The two live action films are ok, but it´s incredible how much the actors resembles the cartoon carachters, got to be seen to be believed!

There also was two animated featurefilms made in 70s/early 80s, i remember going to the cinema as a kid to watch them, the first one Temple of the Sun has some musical numbers in it that i didn´t like (but the voice of Tintin was over here done by a guy who now is one of Swedens biggest sportscommentators) and the second Sharklake (freely translated) wasn´t based on an Hergé book and a bit dissapointing.

Scherpschutter: What was the completly banned Tintin book??
I know many of them were re-done in color and cut down in leght from black and white original books after the war (or something like that). And probably at that time the more unacceptable stuff went out (thankfully). The first one, where Tintin goes to Sovietunion to expose the bolsheviks (about the only time he actually does some working!) didn´t get re-drawn, i guess Hergé figured nothing could save that one, but the black-and-white 120+ pages book was put out here in swedish so i´ve read it. Lots of slapstick and propaganda… is this the banned book you´re thinking of?¨
The Congo book is the only one i don´t have, to be honest wouldn´t want a 10 year old to read it. The tape version is much toned down and the actor playing Tintin actually apologises for the dated views of the story at the end…

[quote=“magnus, post:19, topic:1831”]Scherpschutter: What was the completly banned Tintin book??
I know many of them were re-done in color and cut down in leght from black and white original books after the war (or something like that). And probably at that time the more unacceptable stuff went out (thankfully). The first one, where Tintin goes to Sovietunion to expose the bolsheviks (about the only time he actually does some working!) didn´t get re-drawn, i guess Hergé figured nothing could save that one, but the black-and-white 120+ pages book was put out here in swedish so i´ve read it. Lots of slapstick and propaganda… is this the banned book you´re thinking of?¨
The Congo book is the only one i don´t have, to be honest wouldn´t want a 10 year old to read it. The tape version is much toned down and the actor playing Tintin actually apologises for the dated views of the story at the end…[/quote]

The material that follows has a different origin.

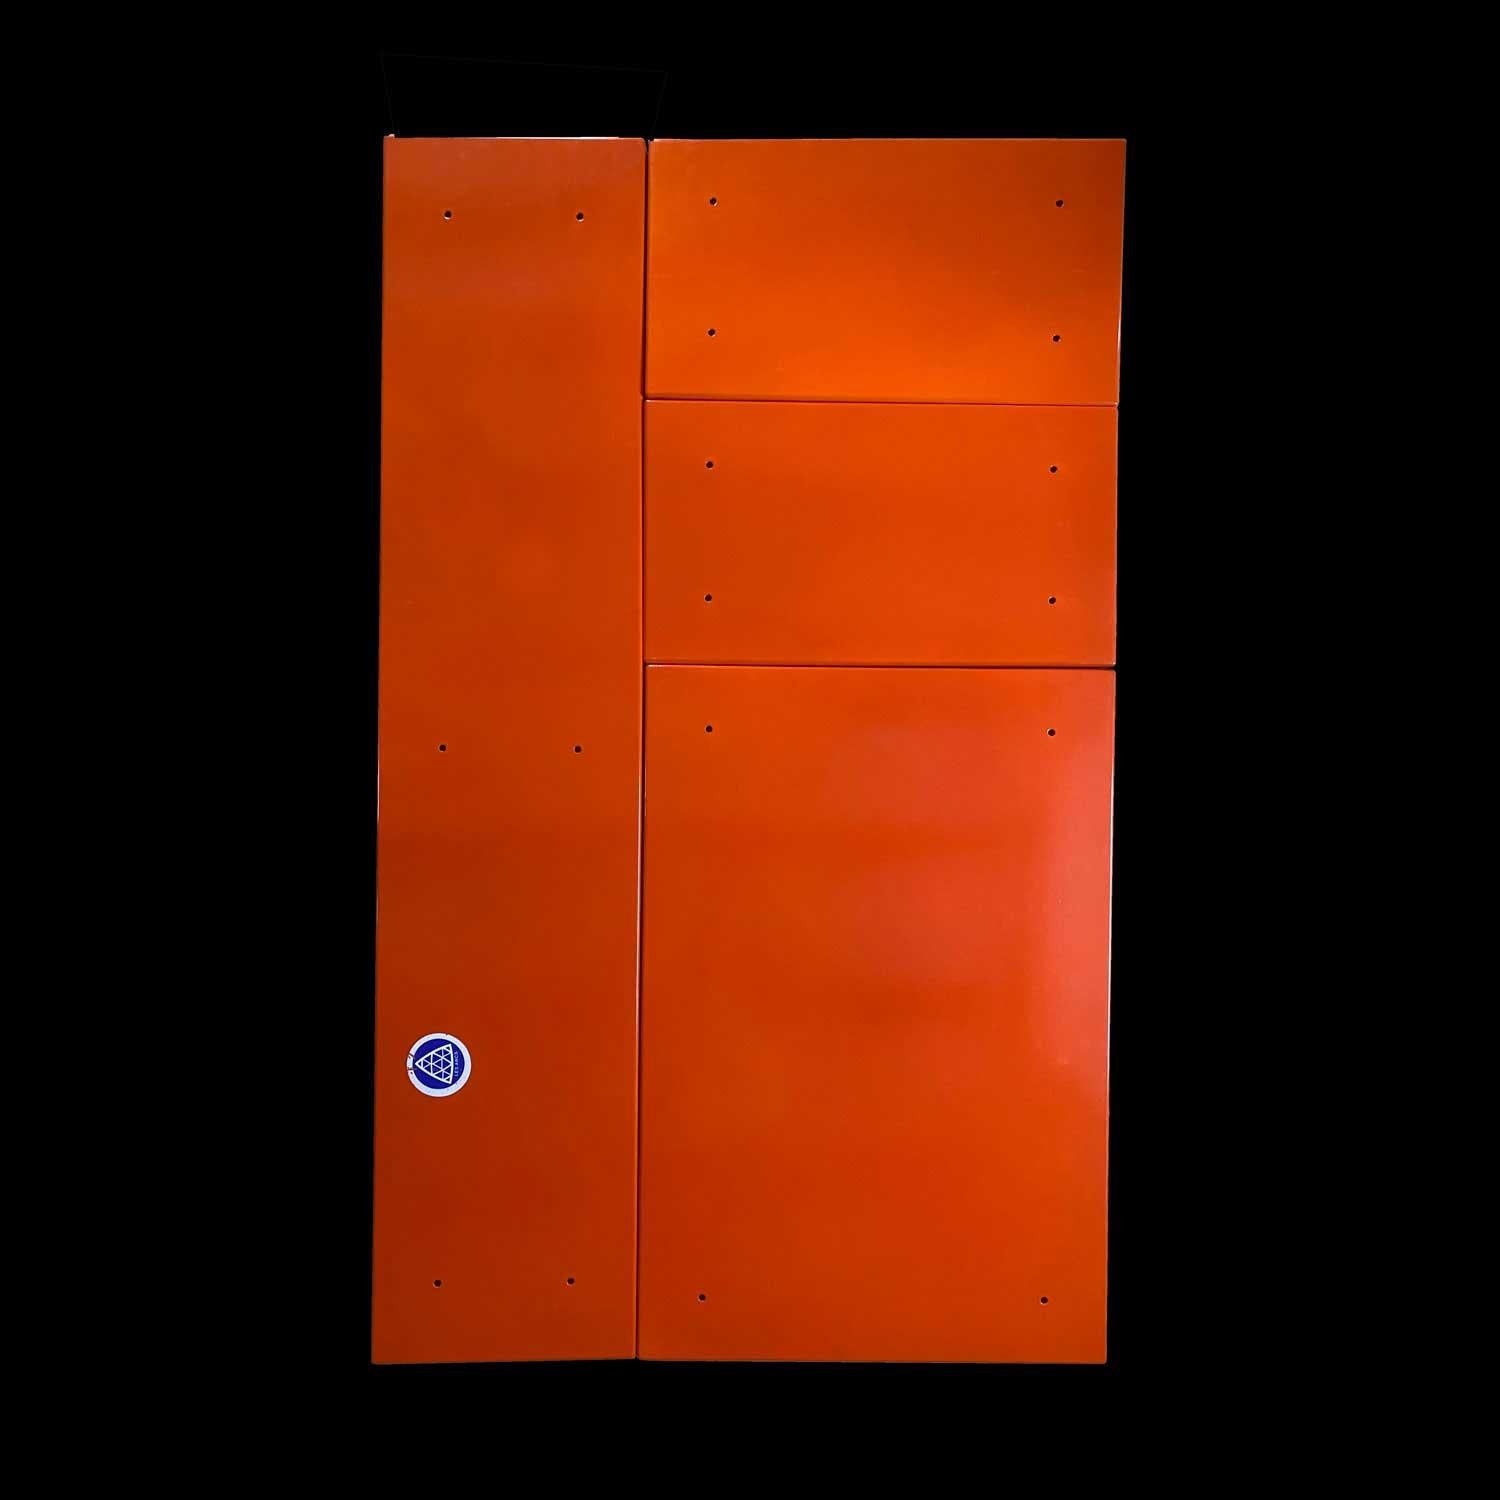 Charlotte Perriand Paneles de chapa naranja Estación de esquí de Arcs 1968 Moderno de mediados de siglo en venta
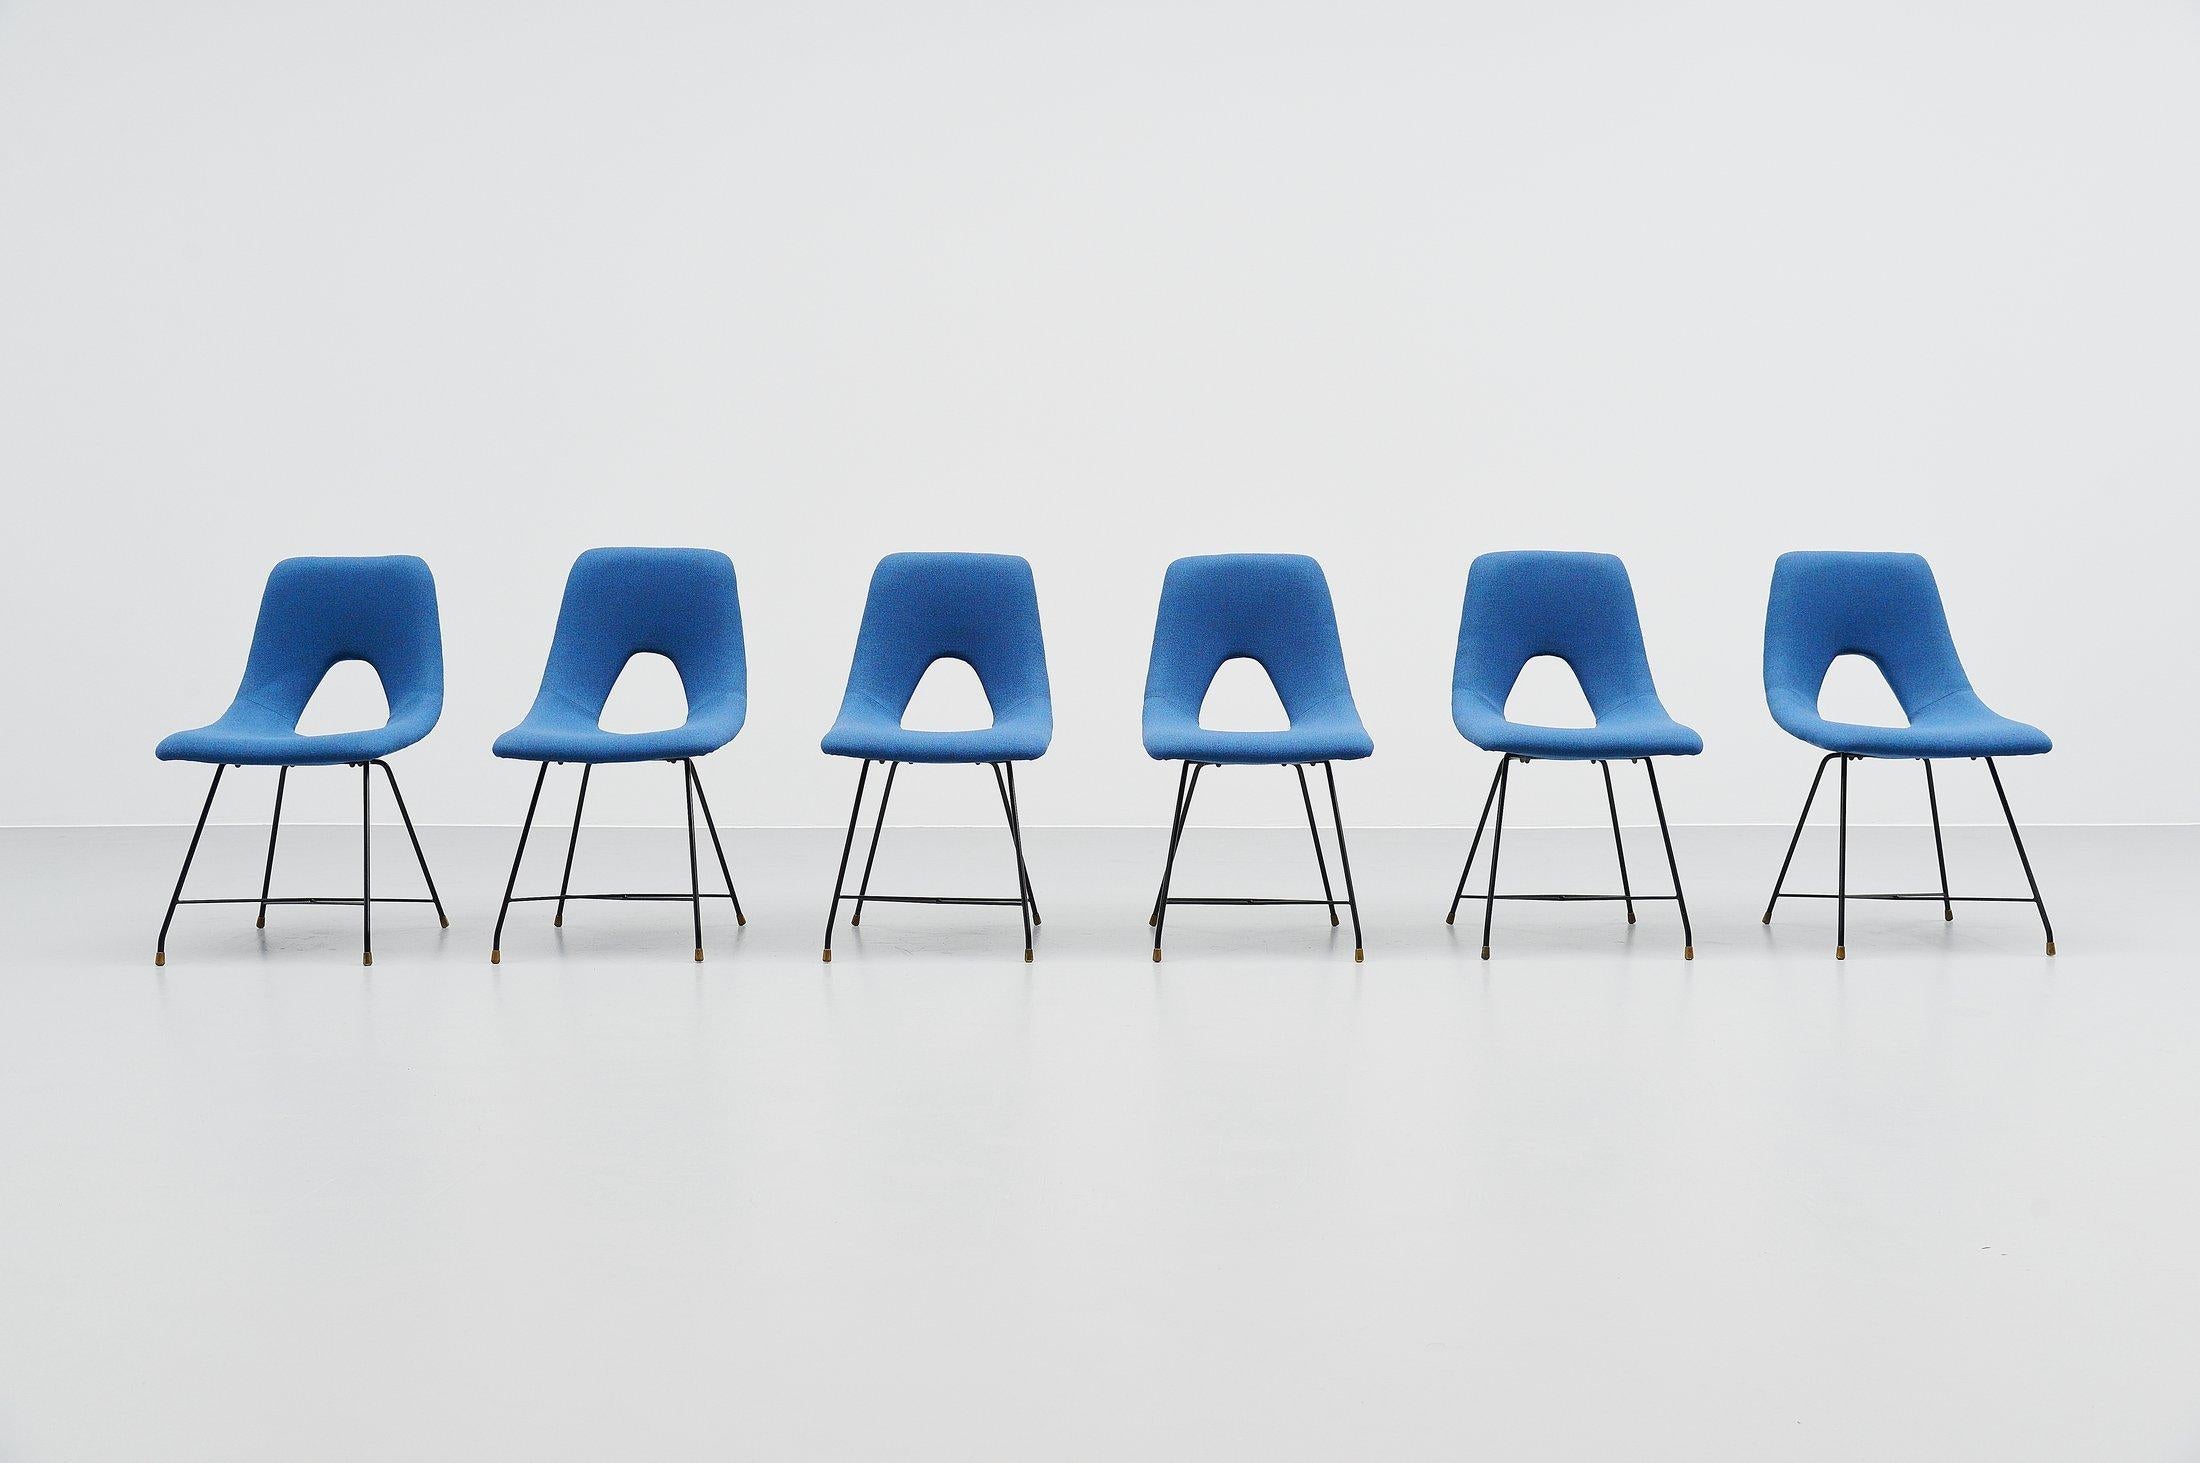 Ensemble très rare de 6 chaises de salle à manger conçu par Augusto Bozzi et fabriqué par Saporiti, Italie 1954. Ces chaises ont une structure en fil métallique laqué noir avec des pieds en laiton. Les chaises ont été recouvertes d'un tissu bleu

I suppose it was the Soviet book. I don’t remember exactly, but a decade or so ago, there was a furious discussion in Belgium on Hergé and in that period several books were discussed. I know there are still original copies available in Brussels, but you have to pay an awfull lot of money for them. Personally I don’t think it’s too important (like I said he was a great artist) but he was a friend of the Rex-leader Léon Degrelle, one of the worst nazis in Belgian history and unlike people say, he never really apologized for his ideas (he apologized for some parts of Tintin in Africa). A few years ago there were new discussions on the ‘Africa book’: an African student thought it was racist and wanted to have it banned.